Toward threading polyintercalators with programmed sequence specificity
Abstract
Synthetic molecules that can bind DNA in a sequence specific manner are
an interesting area of molecular recognition research with the potential to develop
new therapeutics. A novel class of polyintercalators, composed of 1,4,5,8-
naphthalene tetracarboxylic diimide (NDI) intercalating units connected via
peptide linkers, have been developed in the Iverson research group. A previous
combinatorial library screen identified two different bis-intercalators with altered
sequence specificity and subsequent structural studies revealed that these
molecules have a unique threading mode of polyintercalation, in which the tethering linker can be in either the major or minor groove, depending on the
peptide linker composition.
The peptide linkers are believed to play an important role in the
recognition of target sequences and several analogues were investigated using
DNase I footprinting experiments. These results showed that the position of a
lysine residue in the linker plays a crucial role in recognizing internal sequences
of 5’-GGNNCC-3’ on DNA. Among those derivatives, the parent compound
(1), H2N-Lys-NDI-Gly-Gly-Gly-Lys-NDI-Gly-OH, showed dramatic sequence
reading ability on 5’-GGNNCC-3’ sequences with the order of GGTACC >
GGCGCC > GGATCC ~ GGGCCC with Kd ~ 125 nM.

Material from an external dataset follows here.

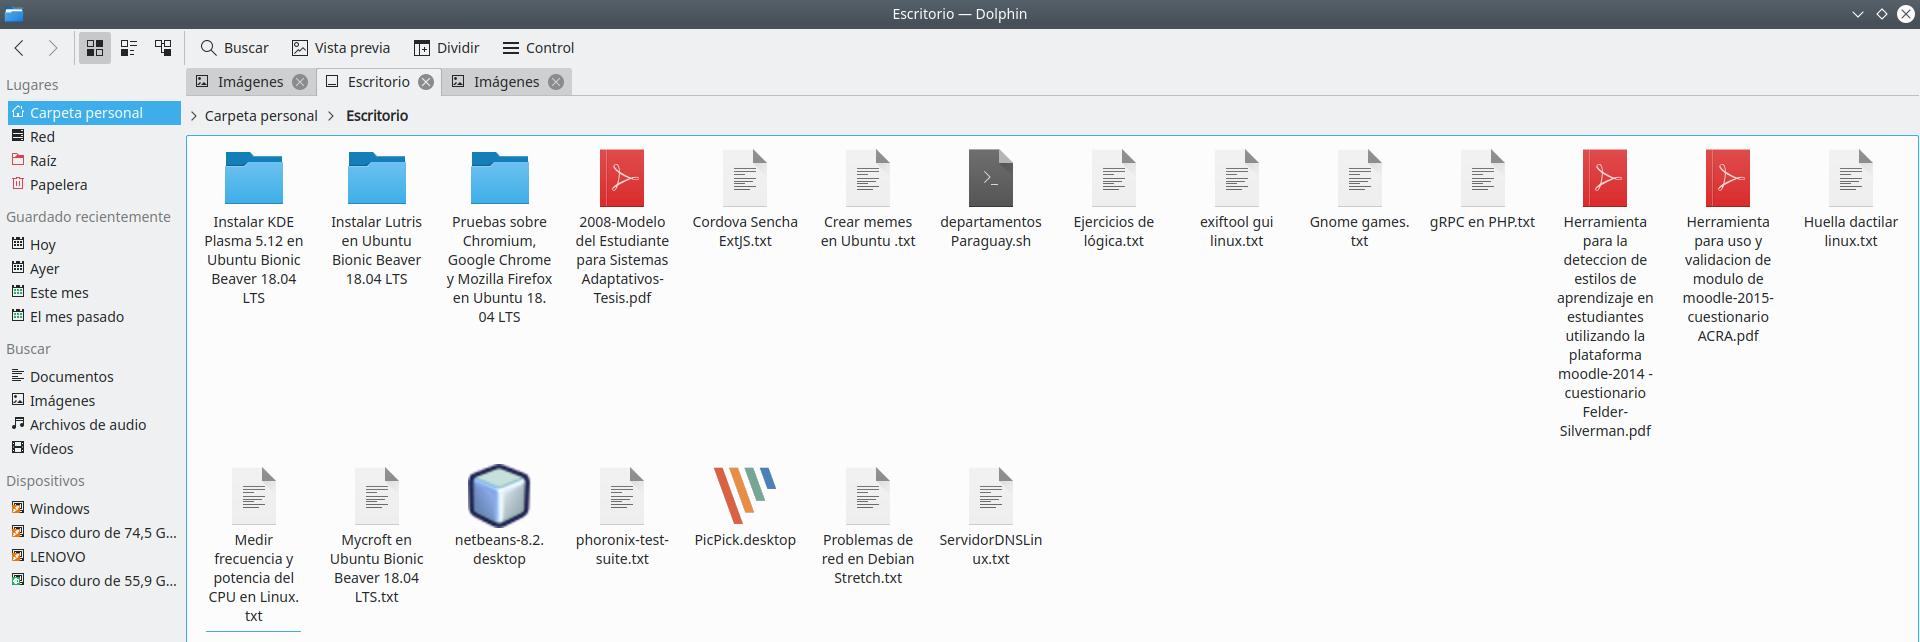 KDE Plasma 5.12.6 en Ubuntu Bionic Beaver 18.04 LTS

The previous structural knowledge of the two different bis-intercalators (1,
and 1.2) served as binding modules that enabled us to design threading
polyintercalators with sequence specific contacts in both grooves. A trimer
(4.1), a hybrid molecule of the two bis-intercalator modules was designed to block
both grooves and its programmed sequence reading ability was proved in
footprinting experiments. As a parallel approach to achieve polyintercalation
with programmed sequences, a symmetric tetramer (5.1) that is a conjugate of two
identical bis-intercalator units (1.2) with flexible aliphatic chain linker was
designed. 1D 1
H-NMR titration experiment revealed that this compound binds
to a 14 bp DNA sequence d(GATAAGTACTTATC)2 with 1:1 stoichiometry.
2D 1
H-NMR studies combined with restrained molecular dynamics confirmed a threading binding mode in the three-dimensional structure of the DNA-ligand
complex in which β-alanine residues in one type of linker reside in the minor
groove as expected, while an adipic acid linker resides in the major groove also as
expected. This represents the first structural analysis of any DNA intercalating
molecules larger than a bis-intercalator and confirms that the sequence specific
binding of longer threading polyintercalators can be predicted from bisintercalator modules. These results will provide the molecular basis for the
DNA binding properties of a new generation of threading polyintercalators.